O facto de a Segunda Guerra Mundial estar exclusivamente associada aos Judeus e ao Holocausto deve-se ao facto de ter sido convertida numa poderosa indústria cultural e económica. Ao dizer isto, deve ficar claro que não estamos a negar o massacre de judeus na Alemanha e noutros locais da Europa após a ascensão de Hitler ao poder em 1933. Não, o que está a ser salientado é que, em circunstâncias muito particulares, que mencionámos imediatamente, um massacre tornou-se o Holocausto e foi considerado a pior ação criminosa da história. Por que não há celebrações pelos 25 milhões de russos que perderam a vida durante a Segunda Guerra Mundial ou pelos ciganos que foram exterminados nessa mesma guerra? Por que é que ninguém fala sobre o genocídio do povo arménio às mãos dos turcos em 1915-1916? Por que não existem museus dedicados à memória dos milhões de indígenas e afrodescendentes que foram exterminados durante a conquista europeia iniciada no século XVI? Por que não são lembradas as 10 milhões de mortes de congoleses num período de apenas 20 anos (1890-1910) pelos ocupantes belgas?

O facto do Holocausto se ter imposto como um acontecimento único na memória do mundo deveu-se a uma acção muito bem orquestrada e organizada do lobby judaico nos Estados Unidos. A palavra holocausto, que vem do grego (holo: “tudo”, e caustos: “queimado”), começou a ser usada com letras maiúsculas a partir de 1967, data nada acidental, pois era o ano da guerra dos seis dias, quando o Estado de Israel ocupou os territórios palestinos de Gaza e da Cisjordânia com sangue e fogo.

Norman Finkelstein escreveu um livro no qual estuda como a indústria do Holocausto foi estabelecida, apontando como na década de 1950 ninguém nos Estados Unidos falava sobre isso, muito menos usava o termo [1 ] . Isto tem uma explicação geopolítica, relacionada com as alianças dos Estados Unidos durante a Guerra Fria, nas quais a Alemanha desempenhou um papel importante. Devido a esta circunstância, nos Estados Unidos ninguém estava interessado em denunciar os crimes dos alemães contra os judeus – exceto os judeus de esquerda, cujas vozes foram minimizadas ou silenciadas – uma vez que o governo dos EUA teve que manter os seus laços estreitos com os seus As elites judaicas e aliadas alemãs não estavam interessadas em aprofundar essa questão, ao ponto de o Congresso Judaico Mundial e a Liga Anti-Difamação ajudarem a conter a “onda anti-alemã” que prevalecia entre os judeus nos Estados Unidos.

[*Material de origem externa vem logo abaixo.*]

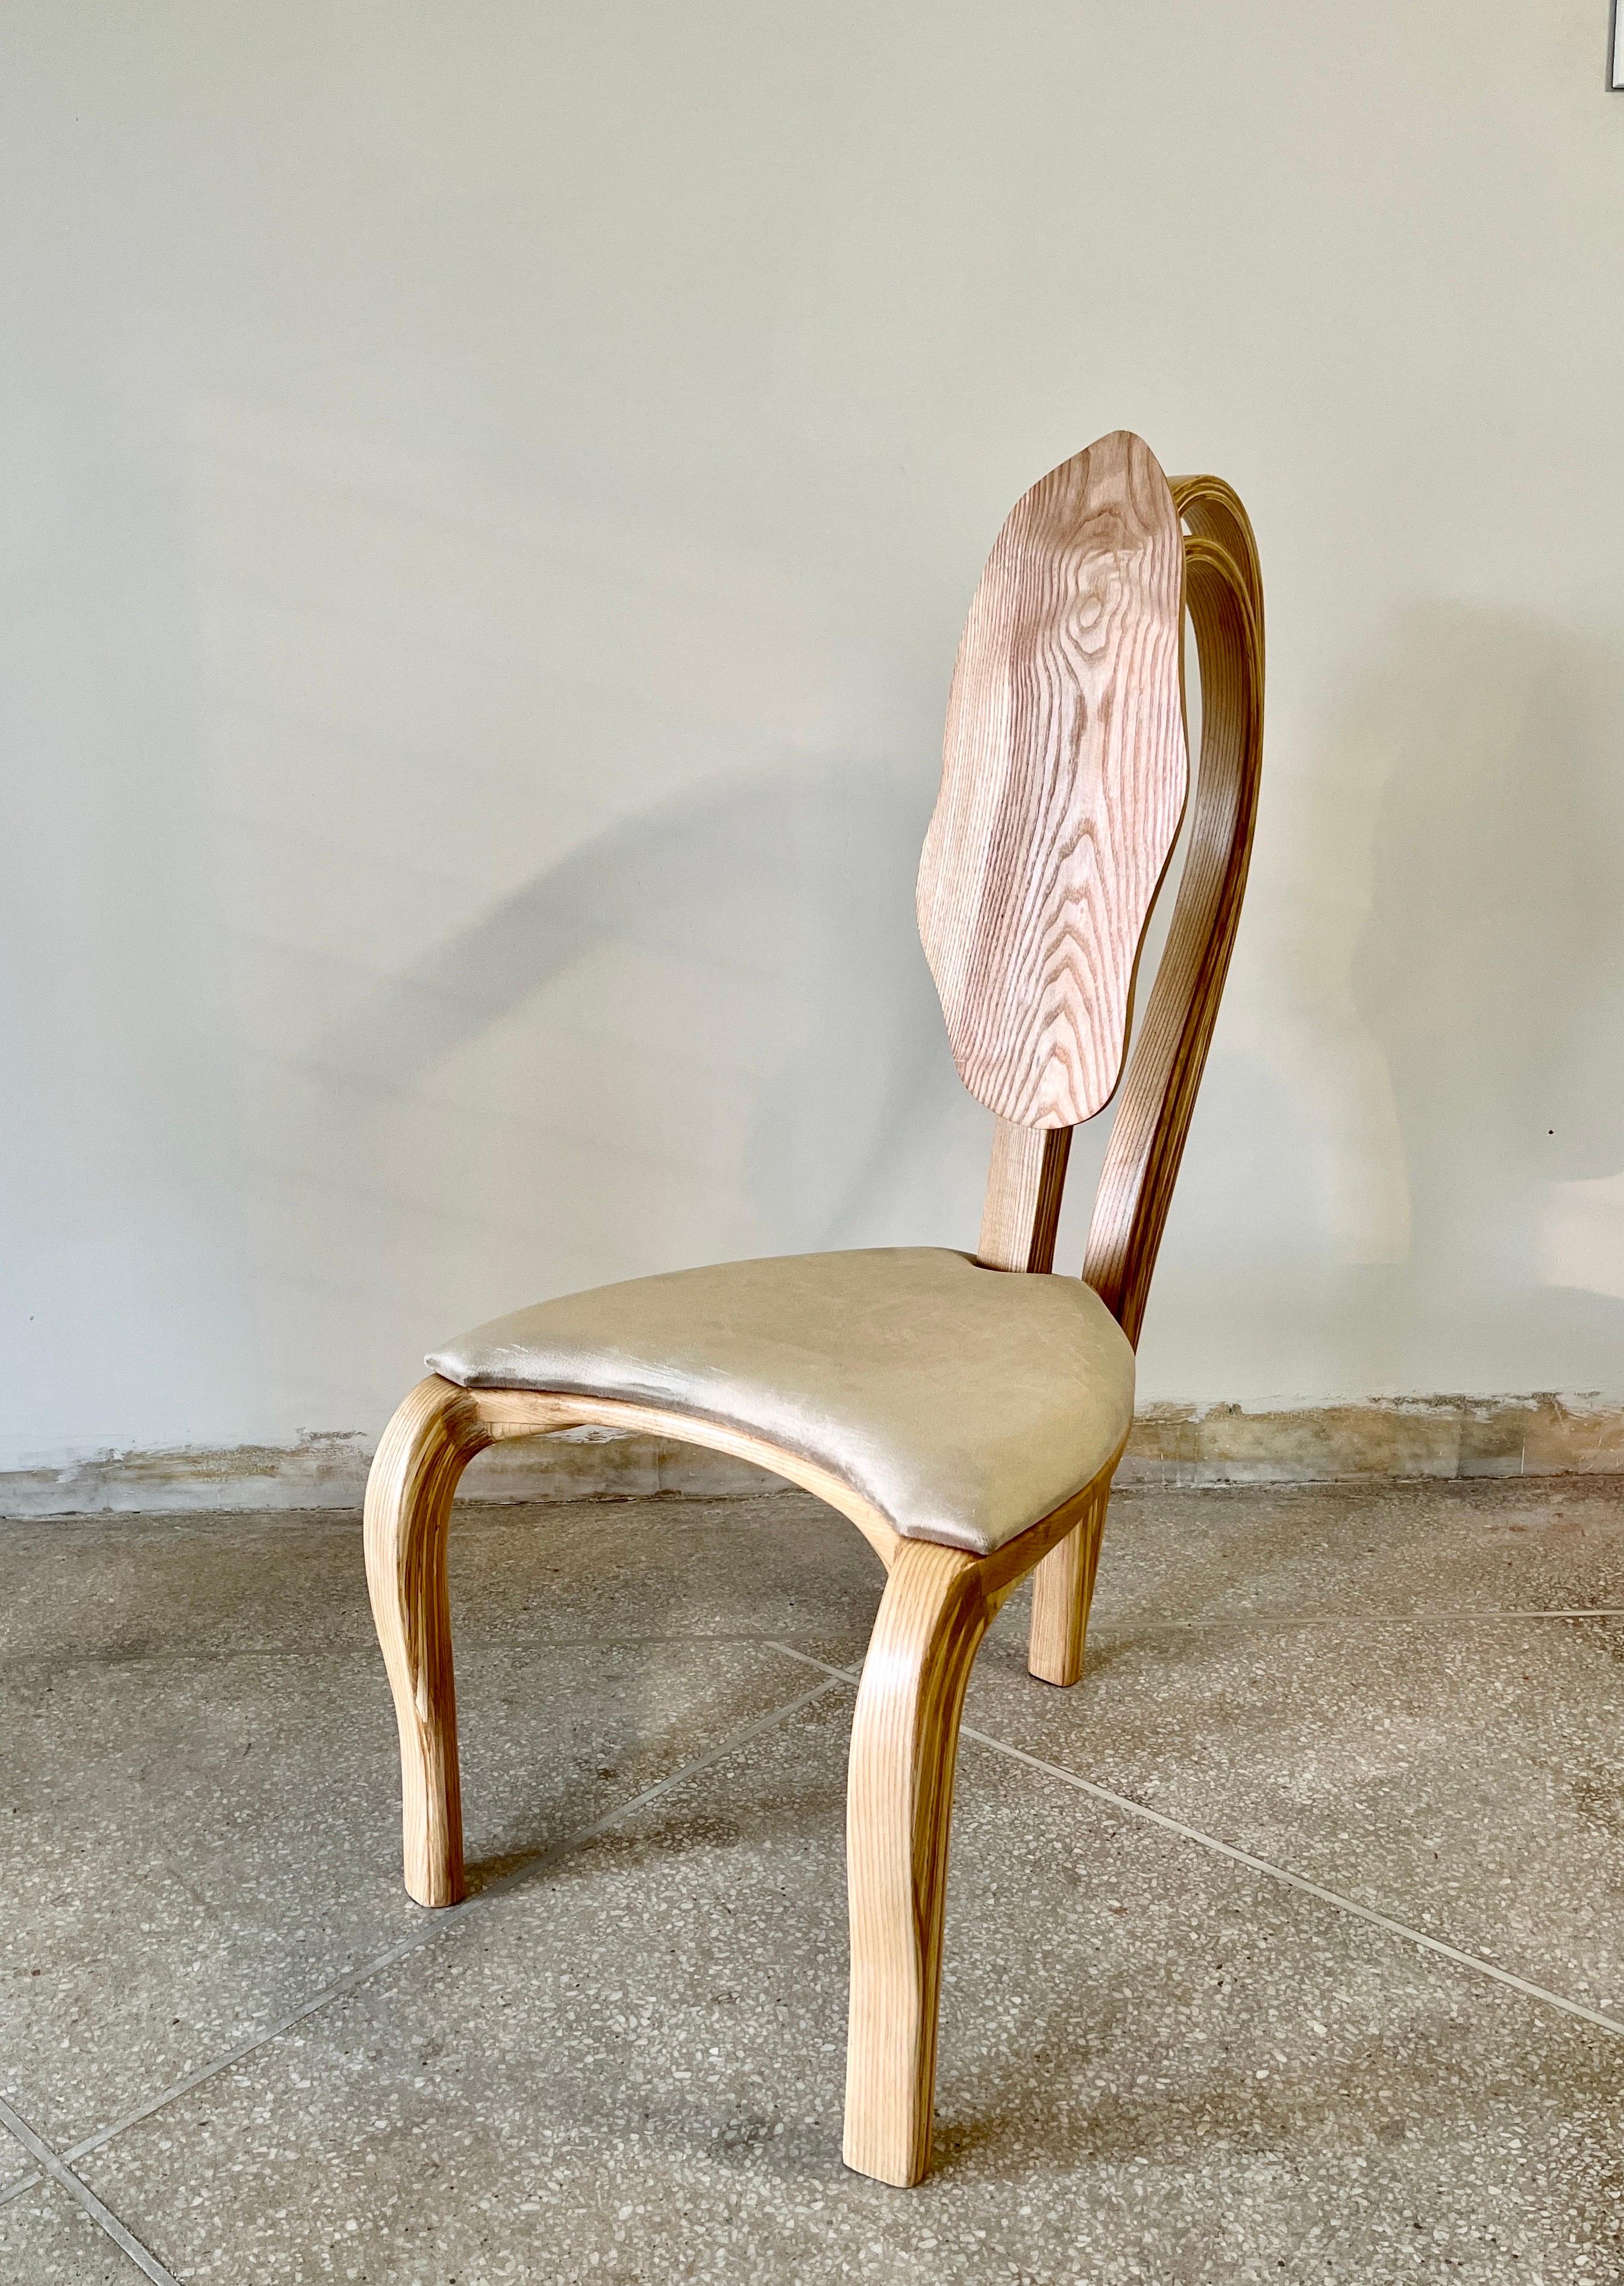 Contemporary Dining Chair No. 1 - Fluentum Series, by Raka Studio For Sale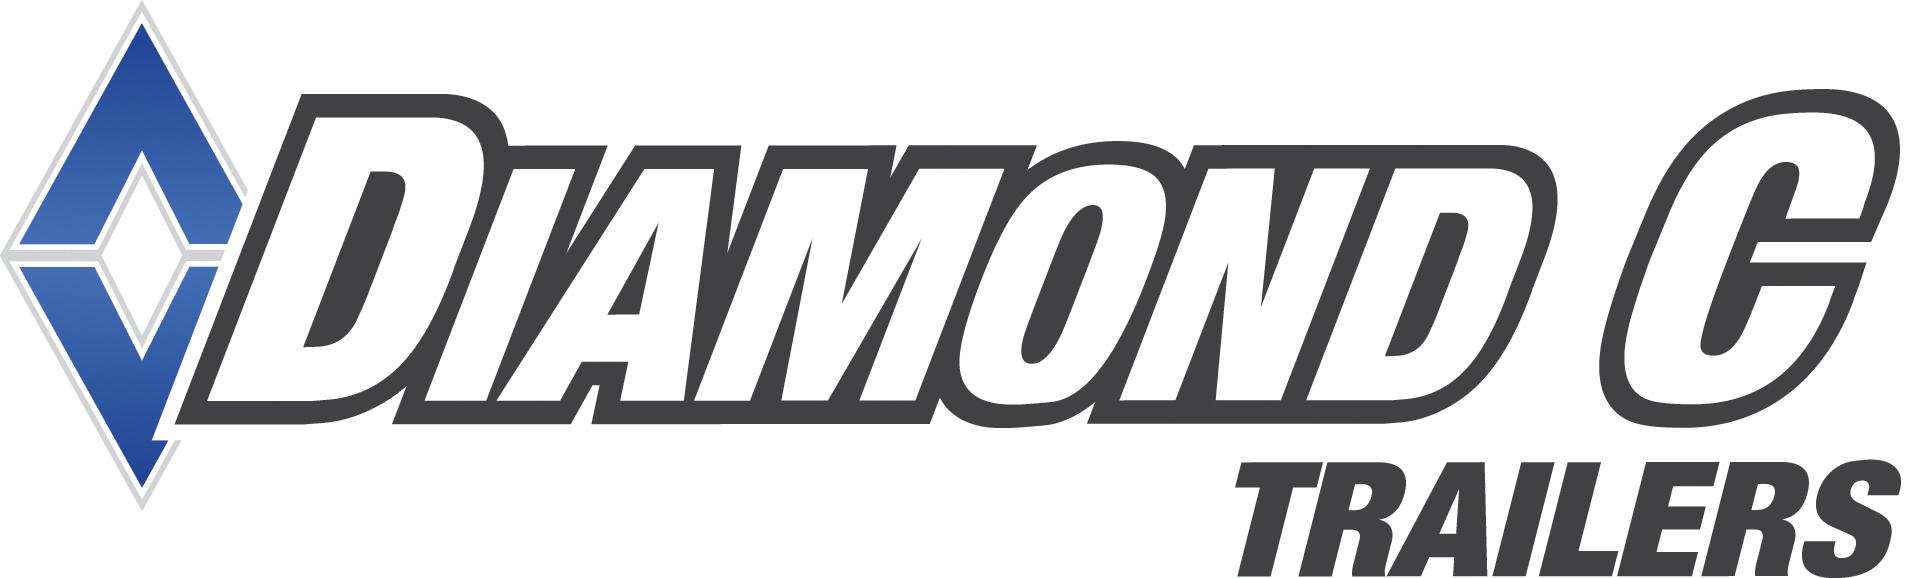 C in Diamond Logo - Logos | Diamond C Trailers

Esta atitude mudou após o fim da guerra de Junho de 1967, quando os Estados Unidos, muito impressionados com a vitória de Israel sobre os países árabes, decidiram transformá-lo num aliado estratégico no Médio Oriente. De repente, que coincidência, apareceu em cena a questão do Holocausto, que rapidamente se tornou uma verdadeira indústria, para justificar tanto a política criminosa do Estado de Israel contra os seus vizinhos, em primeiro lugar os palestinianos, como para apoiar a aliança entre o estado sionista e o imperialismo americano. Neste processo, a construção do Holocausto tornou-se uma desculpa para deslegitimar desde o início qualquer crítica dirigida aos judeus e especialmente ao Estado de Israel, apoiando a afirmação de que os judeus são um povo eleito.

Especificamente, quem mais sentiu o Holocausto são os palestinos, já que nos Estados Unidos os sionistas exploraram ao extremo a perseguição nazista para esconder e justificar os crimes que o Estado de Israel vem cometendo contra os palestinos desde 1948, e que realizam diariamente sem pausa, porque em “tempos normais” duas crianças palestinianas são assassinadas todas as semanas.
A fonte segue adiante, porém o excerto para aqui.